Всю неделю Маша «болела», пришла ее очередь брать больничный лист, но одно и то же оружие может, оказывается, производить разное впечатление. Более того: одного – только ранить, а другого – убить. Кокино недомогание и отсутствие – в свое время – только портило настроение у Маши; Машино же отсутствие и невозможность ее разыскать где-либо Коку просто истерзали. Он-то думал, что после заветных слов он позвонит, они встретятся и будут любить друг друга до потери сознания, ан – нет! Он ее не нашел, она как в воду канула! Сто раз все последующие дни Кока набирал ее номер – все мимо! И опять он просчитывал все варианты, опять метался из версии в версию, думал невесть что, паниковал: «Да как же! Все наоборот должно было бы быть очень хорошо, она же его любит, почему же она исчезла?! О господи! Да ведь она еще не знает, что он ее тоже… Она-то думает, что он ее ненавидит! Как разыскать, как сказать! Вдруг она из-за него что-нибудь с собой… О боже! Только не это!..»
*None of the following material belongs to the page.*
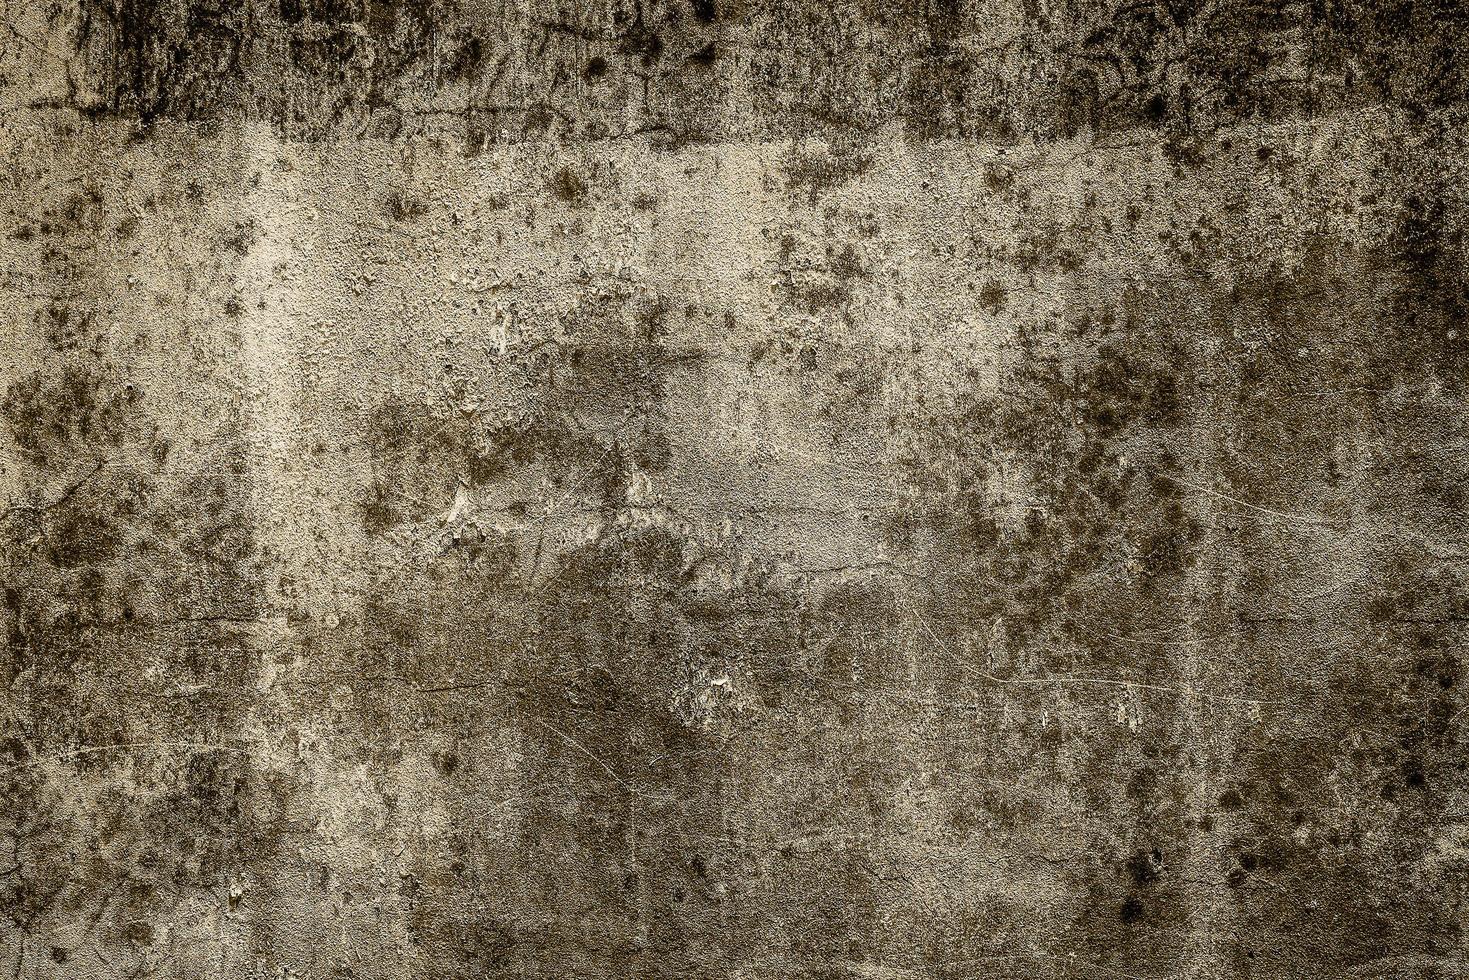 velhas texturas de concreto sujo para o fundo - efeito de filtro vintage  2197373 Foto de stock no Vecteezy

Кока молился, ругался, пьянствовал, чтобы этим наркозом хоть как-то снять тревогу и боль, бежал от самого себя, ночевал в самых неожиданных местах, терял силы и способность к минимальному сопротивлению. Ну а Маруся наша тем временем готовилась к решающему штурму Берлина и водружению знамени над рейхстагом. Несколько дней до вторника Маша почти на ела и довела себя до нужной кондиции: слабость и головокружения были теперь постоянными. Во вторник вызывались все участники готовящегося спектакля, было что-то вроде генеральной репетиции, так называемый черновой прогон. И Маша закрыла больничный лист и явилась в театр. И опять она была вся в черном. Не было теперь никакой белой отделки, другое черное платье было на ней, и черный шелковый шарф был обмотан вокруг шеи, подчеркивая смертельную бледность лица, осунувшегося лица, на котором выделялись, печально мерцая, огромные серые глаза. На репетицию пришел траур по безвременно погибшей любви, которой не дали разгореться и погасили злые люди…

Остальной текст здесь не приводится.